If we’re going to fix this still sputtering economy, we’re going to have to do something about taxes.  On that Senator Sherrod Brown and State Treasurer Josh Mandel can agree.  But what they mean by tax reform is entirely different.

"The job creators that got their taxes sharply reduced in the bush years for a decade haven’t been creating jobs. You don’t create jobs by trickle down you create jobs by focus on the middle class. That’s why we are seeing job growth now; we didn’t see any appreciable job growth during the bush years,” says Senator Sherrod Brown.

And what does he mean by that?  What would he do? He’d raise the top tax rates to just under 40 percent.

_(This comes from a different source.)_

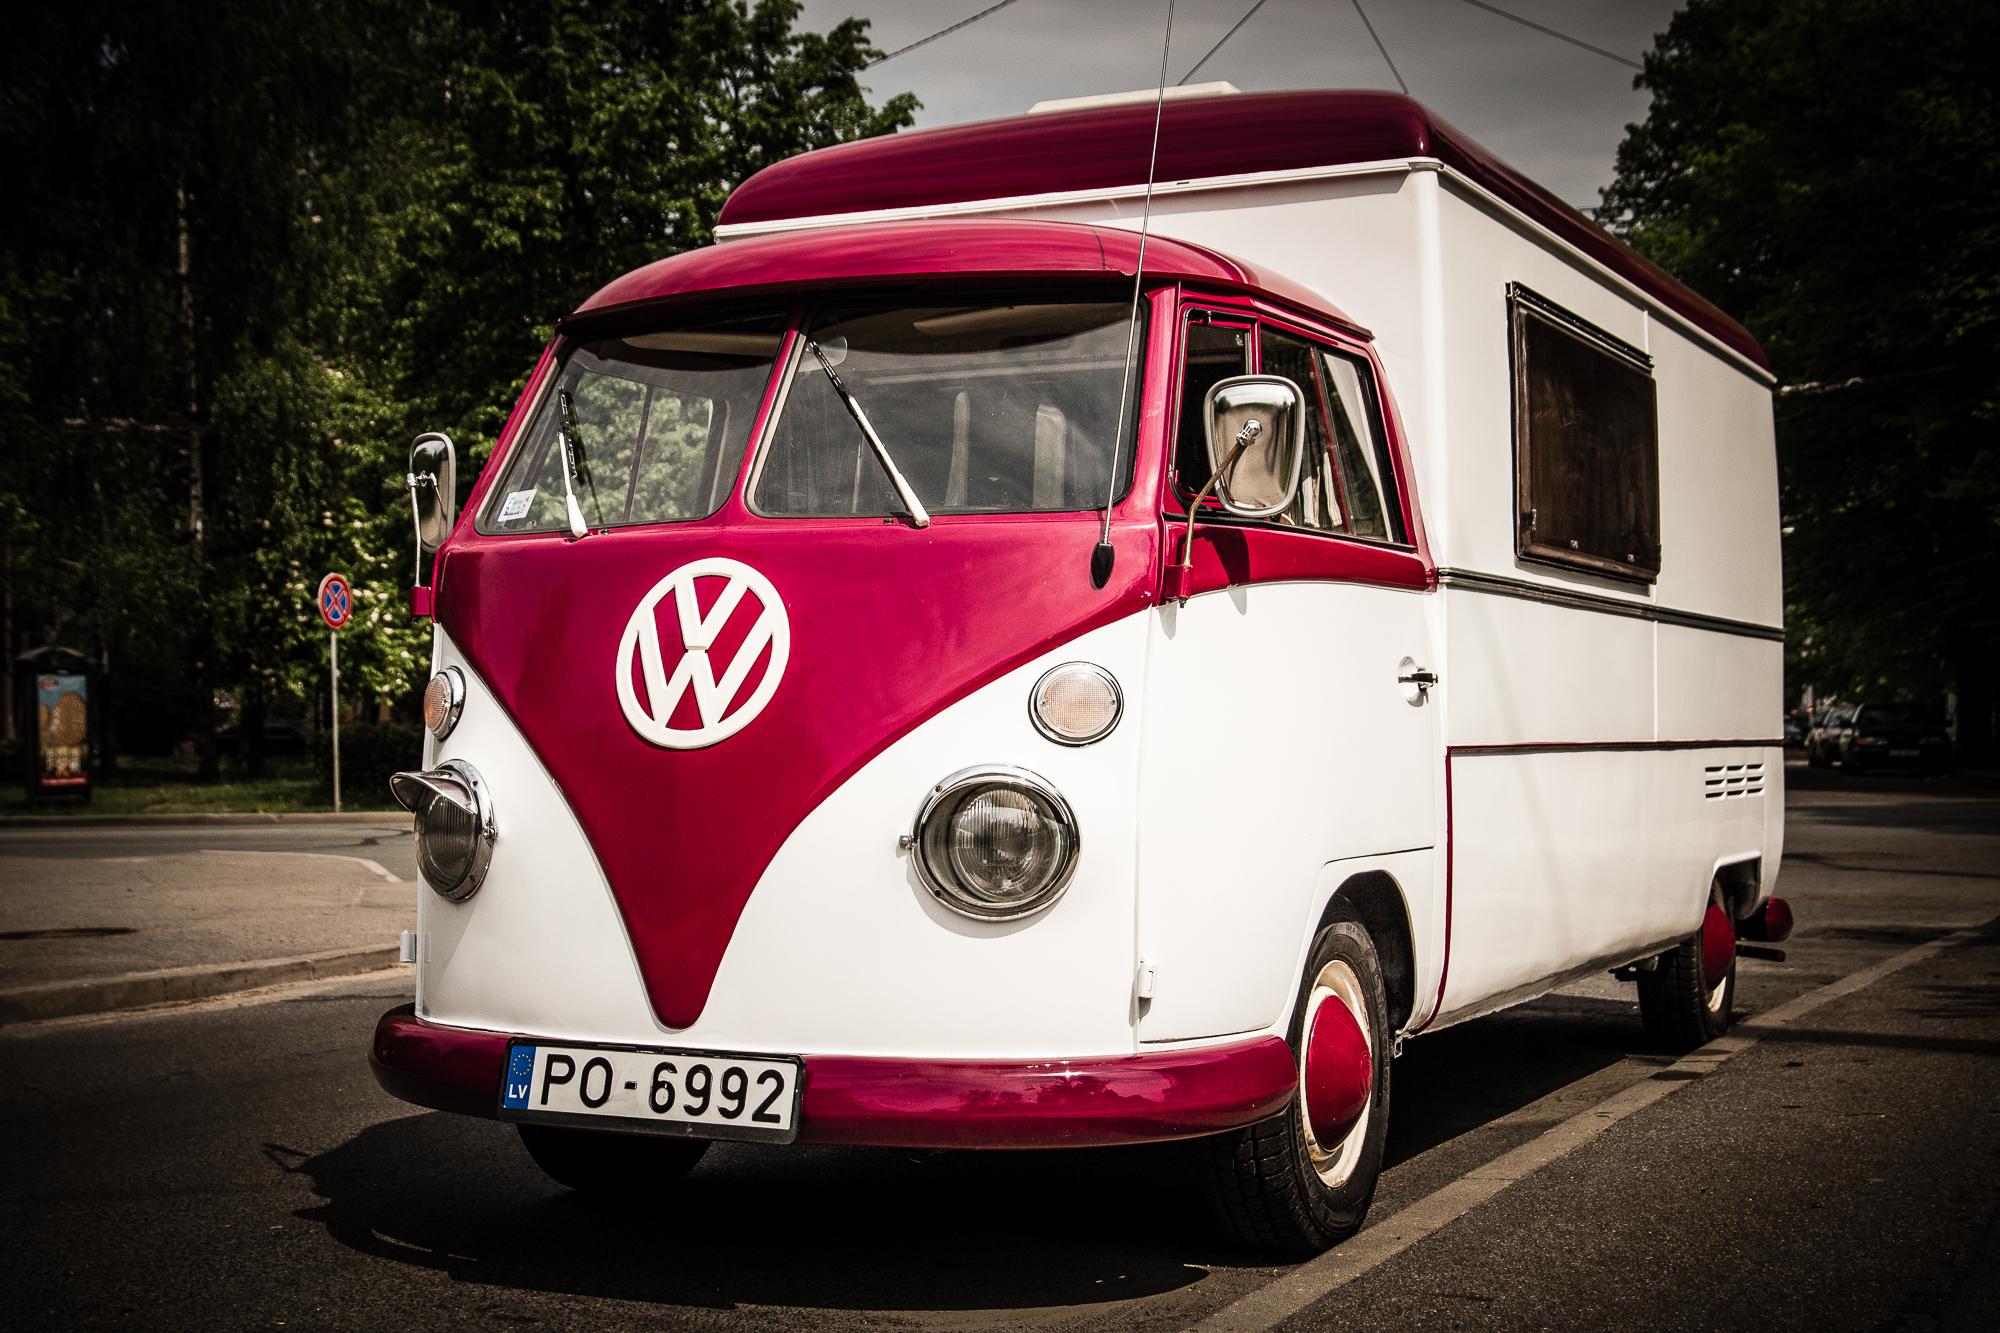 Volkswagen Bus Via @Atisgailis

“I think that we need to bring the tax rate for upper income people back to the Clinton years. it’s not a huge tax increase but people that are making a million dollars or two million dollars a year can afford to pay a little better.  They have had a good decade.  We should restore the tax levels to what they were in those years when we had such a prosperous economy, when tens of millions of jobs were created - unlike now, when we have these lower taxes on the rich and we have seen no job growth."

Beyond raising taxes on the wealthy and curtailing some tax breaks for corporations, Brown doesn’t have a lot to say about taxes.  Nothing about broadening the tax base so that more people pay at least some federal income taxes and no fiddling with tax deductions for the middle class, like home mortgage interest. 

And Mandel?  He wants to blow up the whole tax code.

“We need to take our tax code and completely dismantle it. Build it backup with lower tax rates across the board for the middle class and other more simple tax code.  Get rid of all these special carve outs and handouts to industries that just have powerful lobbyists, and have a tax code that is more simple that the average citizen can navigate, the average small business can navigate," says Mandel.

And what does Mandel mean, specifically?  Which “handouts to industries” does he want to eliminate?  He doesn’t say.  Nor does he say how low he wants tax rates to go.  As for phasing out deductions on home mortgages as some deficit hawks have advocated, Mandel remains vague on such questions.  Here his gift for lofty rhetoric turns on.

"I think the specifics need to be taken up in a bi-partisan way whether its tax reforms or other issues I think it’s important to deal with these in a bi partisan way, walking across the aisle.”

Beneath the vagueness and the platitudes is a simple truth.  Few Ohio voters should have much trouble deciphering the essential differences between Senator Brown and challenger Mandel.  The voter’s decision may be simply asking themselves which of these two very different universes do they live in.